Angioedema of the face, lips, tongue and/or larynx has been reported with MYRBETRIQ. In some cases, angioedema occurred after the first dose. Cases have been reported to occur hours after the first dose or after multiple doses. Angioedema, associated with upper airway swelling, may be life threatening. If involvement of the tongue, hypopharynx, or larynx occurs, promptly discontinue MYRBETRIQ and initiate appropriate therapy and/or measures necessary to ensure a patent airway.
Since MYRBETRIQ is a moderate CYP2D6 inhibitor, the systemic exposure to CYP2D6 substrates is increased when co‐administered with MYRBETRIQ. Therefore, appropriate monitoring and dose adjustment may be necessary, especially with narrow therapeutic index drugs metabolized by CYP2D6.
In clinical trials, the most commonly reported adverse reactions in adults (> 2% and > placebo) for MYRBETRIQ 25mg and 50mg versus placebo, respectively, were hypertension (11.3%, 7.5% vs. 7.6%), nasopharyngitis (3.5%, 3.9% vs. 2.5%), urinary tract infection (4.2%, 2.9% vs. 1.8%), and headache (2.1%, 3.2% vs. 3.0%).

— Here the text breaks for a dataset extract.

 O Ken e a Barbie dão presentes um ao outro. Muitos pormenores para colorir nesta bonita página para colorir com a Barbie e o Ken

In clinical trials, the most commonly reported adverse reactions in adults (> 2% and > placebo and > comparator) for MYRBETRIQ in combination with solifenacin succinate 25mg + 5mg and 50mg + 5mg versus MYRBETRIQ 25mg, MYRBETRIQ 50mg, solifenacin succinate 5mg, and placebo, respectively, were dry mouth (9.3%, 7.2% vs. 3.8%, 3.6%, 6.5%, 2.2%), urinary tract infection (7.0%, 4.0% vs. 4.0%, 4.2%, 3.6%, 5.3%), constipation (4.2%, 3.9% vs. 1.2%, 2.8%, 2.4%, 1.2%), and tachycardia (2.2%, 0.9% vs. 1.6%, 1.6%, 0.7%, 0.8%).

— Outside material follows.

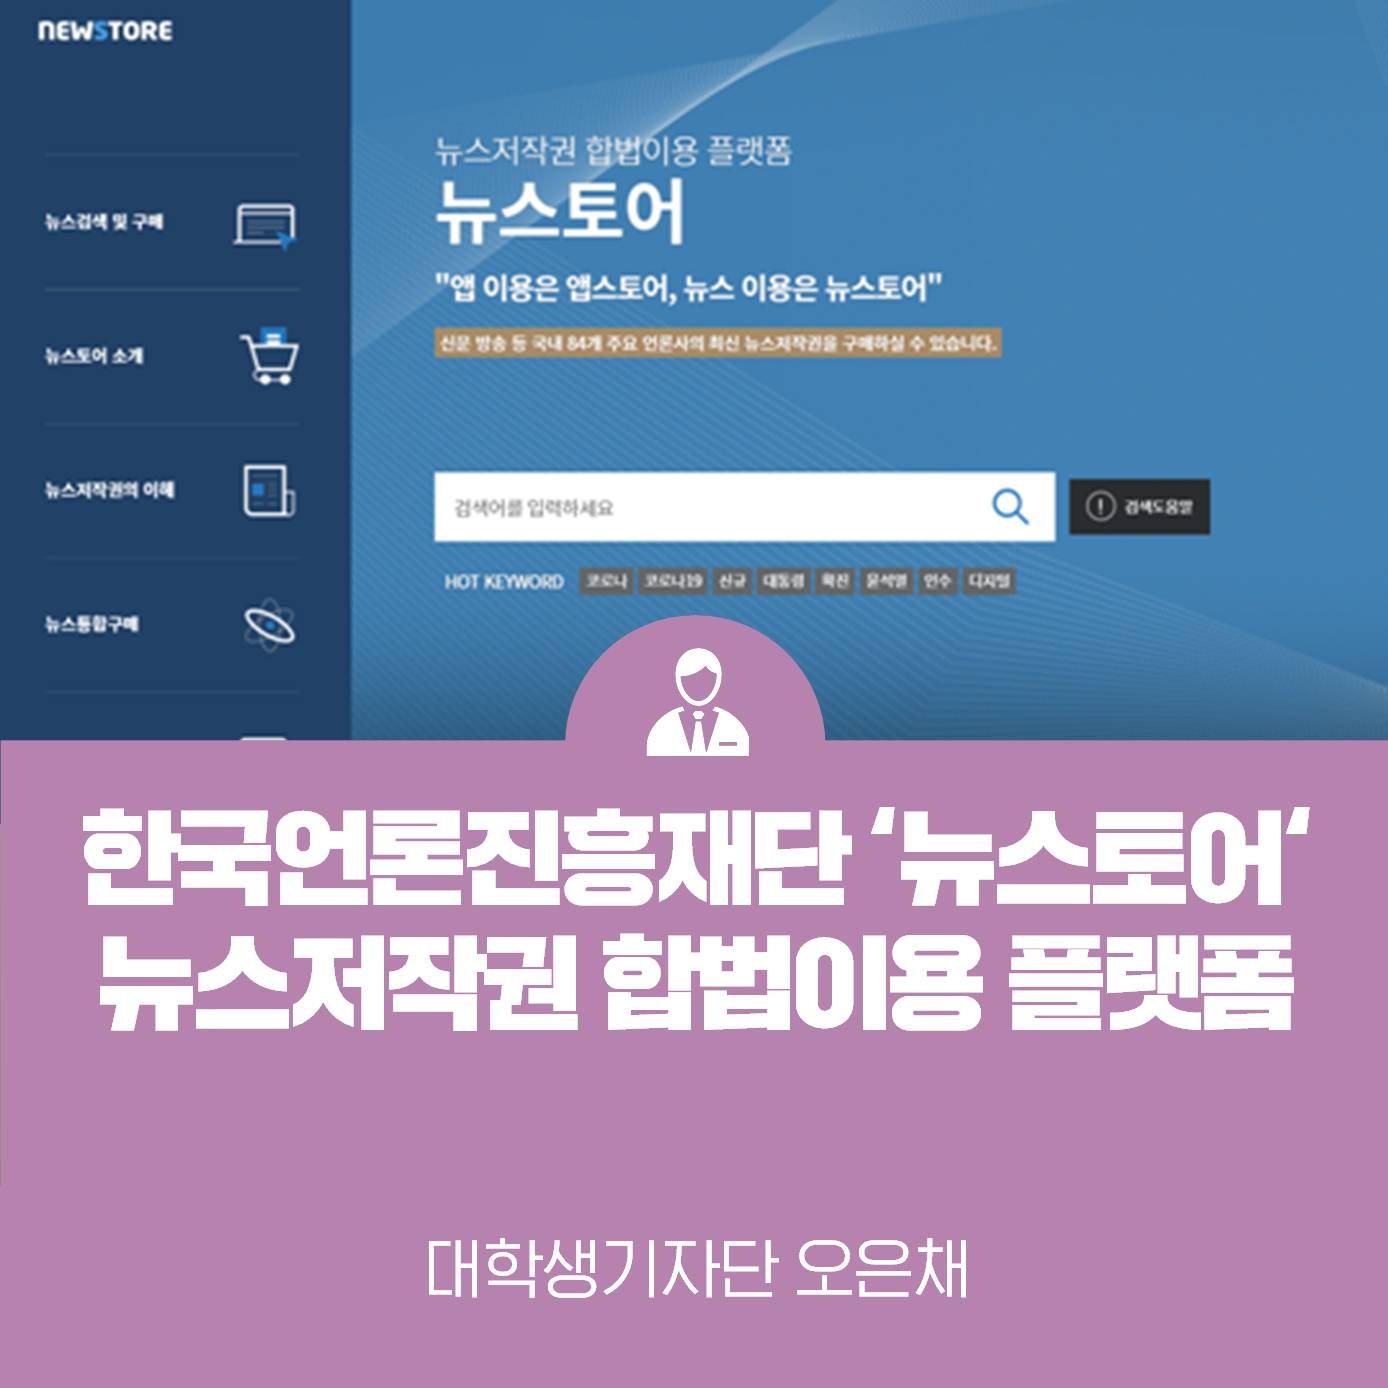 뉴스저작권 합법이용 플랫폼 <한국언론진흥재단 뉴스토어>

In postmarketing experience with mirabegron, the following events have also occurred: atrial fibrillation, nausea, diarrhea, and dizziness.
Please refer to prescribing information for solifenacin succinate when prescribing MYRBETRIQ in combination with solifenacin succinate.
1. Myrbetriq [package insert]. Northbrook, IL: Astellas Pharma US, Inc.